- United States theatrical release poster
- Simplified Chinese: 长城
- Traditional Chinese: 長城
- Hanyu Pinyin: Cháng Chéng
- Directed by: Zhang Yimou
- Screenplay by: Carlo Bernard; Doug Miro; Tony Gilroy;
- Story by: Max Brooks; Edward Zwick; Marshall Herskovitz;
- Produced by: Thomas Tull; Charles Roven; Jon Jashni; Peter Loehr;
- Starring: Matt Damon; Jing Tian; Pedro Pascal; Willem Dafoe; Andy Lau;
- Cinematography: Stuart Dryburgh; Zhao Xiaoding;
- Edited by: Mary Jo Markey; Craig Wood;
- Music by: Ramin Djawadi
- Production companies: Legendary Pictures; Legendary East; Atlas Entertainment; China Film Group; Le Vision Pictures; Dentsu Inc.; Fuji Television Network, Inc.;
- Distributed by: China Film Group (China); Universal Pictures (United States); Toho-Towa (Japan);
- Release dates: December 6, 2016 (Beijing); December 16, 2016 (China); February 17, 2017 (United States);
- Running time: 103 minutes
- Countries: China; United States; Japan;
- Languages: English; Mandarin;
- Budget: $150 million
- Box office: $334.9 million

= The Great Wall (2016 film) =

2016 film by Zhang Yimou

The Great Wall (长城 (長城)) is a 2016 monster film directed by Zhang Yimou, with a screenplay by Carlo Bernard, Doug Miro and Tony Gilroy, from a story by Max Brooks, Edward Zwick and Marshall Herskovitz.
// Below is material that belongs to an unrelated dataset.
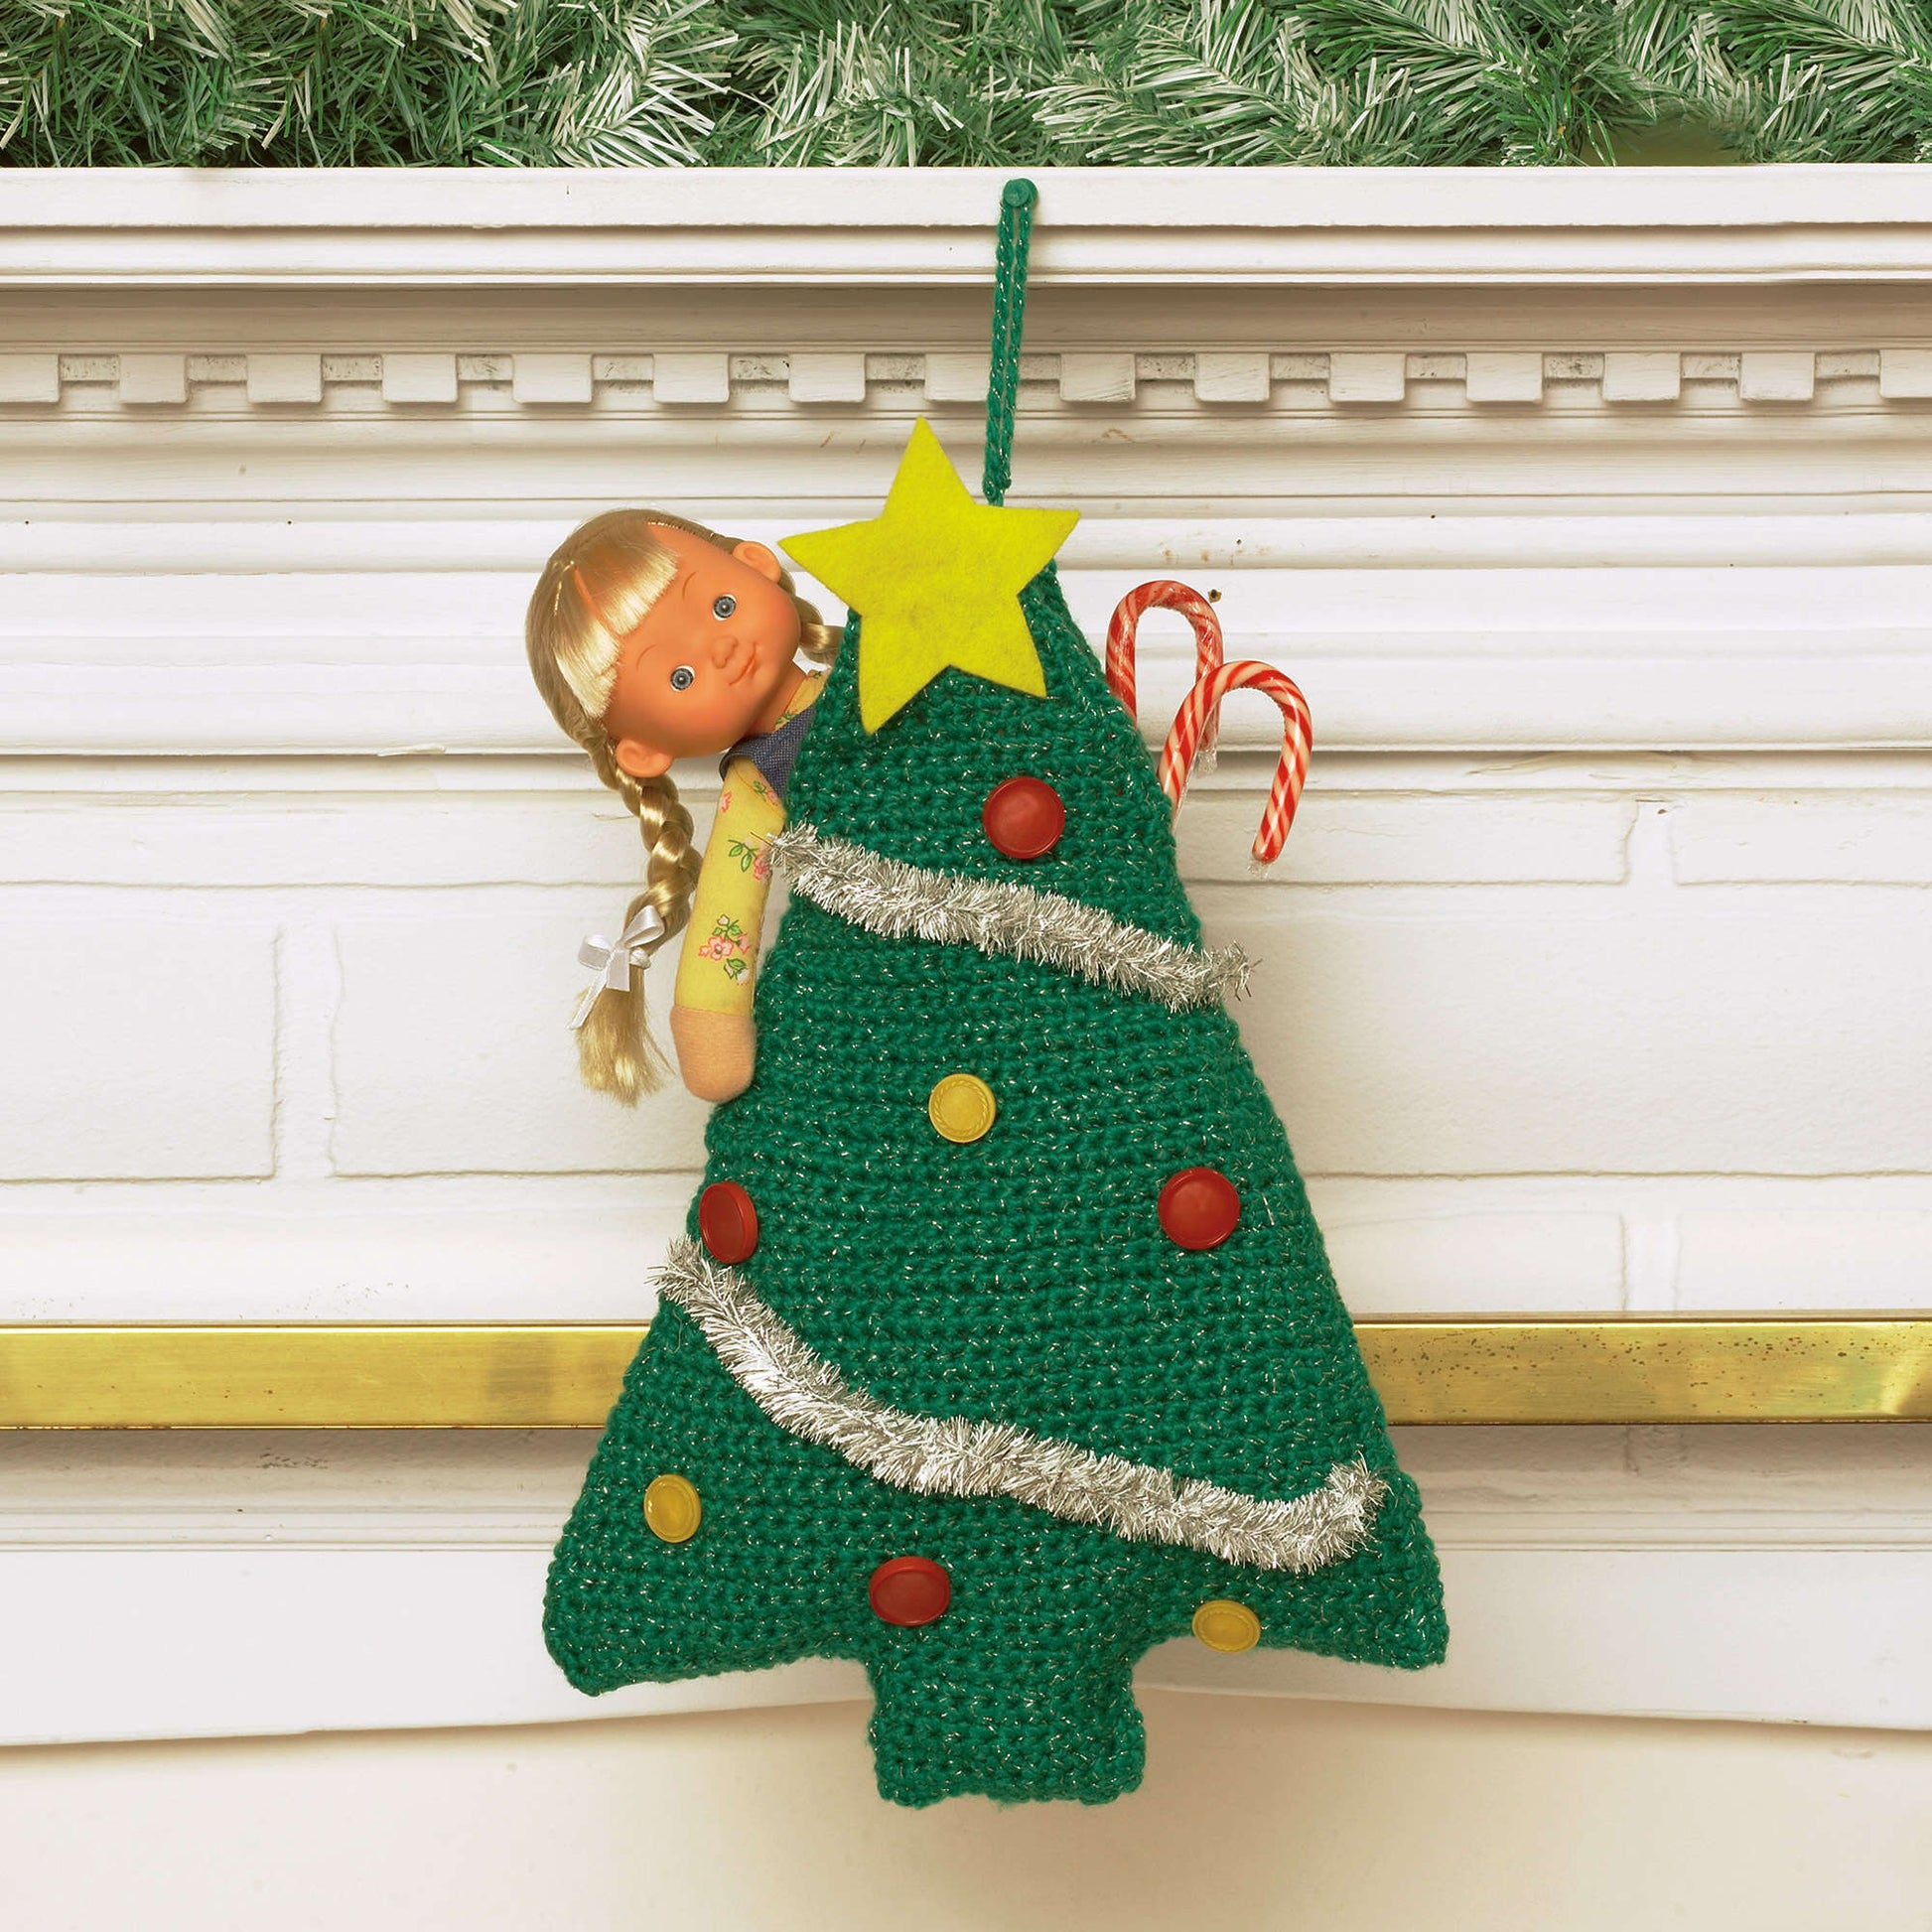 Bernat Easy Tree Stocking Crochet Holiday made in Bernat Happy Holidays yarn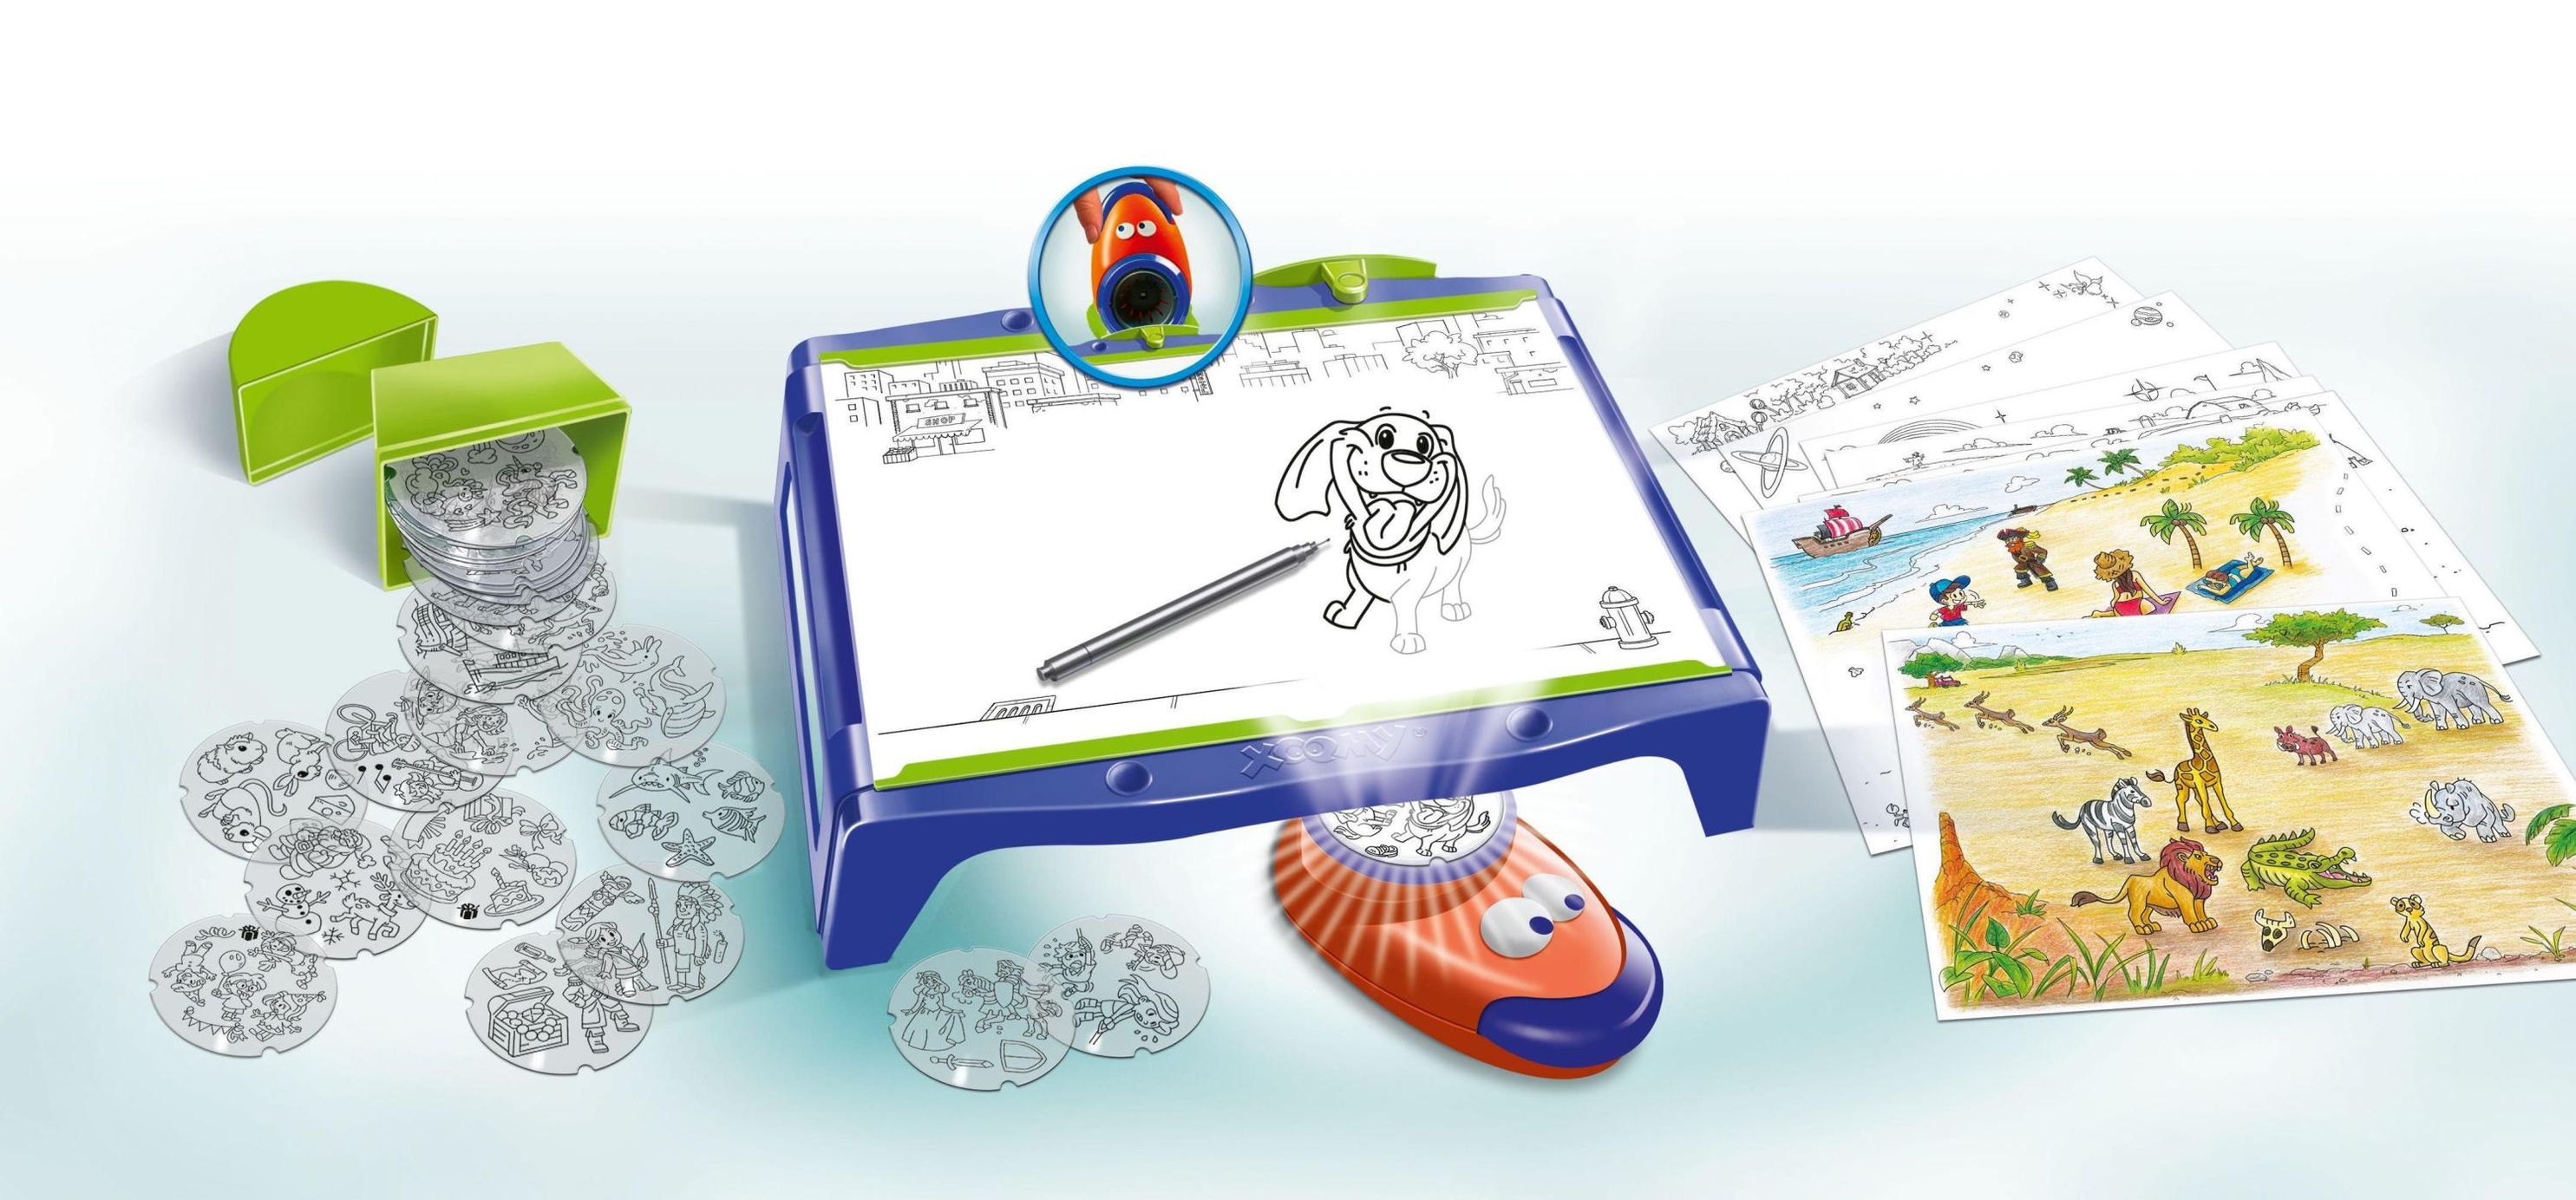 Ravensburger Xoomy Maxi A4 18135 - Zeichnen lernen, Kreatives Zeichnen und  Malen für Kinder ab 6 Jahren, Zeichenset mit über 300 Motiven für  unendlichen Zeichenspaß

An American and Chinese co-production starring Matt Damon, Jing Tian, Pedro Pascal, Willem Dafoe, and Andy Lau, the plot centers on two European mercenary warriors (Damon and Pascal) imprisoned by imperial Chinese forces within the Great Wall of China after arriving in search of gunpowder, eventually joining forces with the Chinese to help combat an alien threat. The Great Wall is Zhang's first English-language film.

Principal photography for the film began on March 30, 2015, in Qingdao, China, and it premiered in Beijing on December 6, 2016. It was released by China Film Group in China on December 16, 2016, the United States on February 17, 2017, by Universal Pictures, and in Japan on April 14, 2017, by Toho-Towa. The film, which received mixed reviews from critics, grossed $334.9 million worldwide and was considered a box-office bomb for losing up to $75 million.

== Plot ==

During the reign of Emperor Renzong, a group of European mercenaries travels to China, searching for gunpowder. A few miles north of the Great Wall, they are attacked by a monster. Only Irishman William Garin and Spaniard Pero Tovar survive. They sever its arm and bring it with them.

Upon reaching the Wall, they are taken prisoner by the Nameless Order, led by General Shao and Strategist Wang. The Nameless Order exists to combat Tao Tei, alien monsters that arrived from a meteorite and attack once every sixty years. The Order's commanders are surprised by the monsters' first assault, which has come one week early.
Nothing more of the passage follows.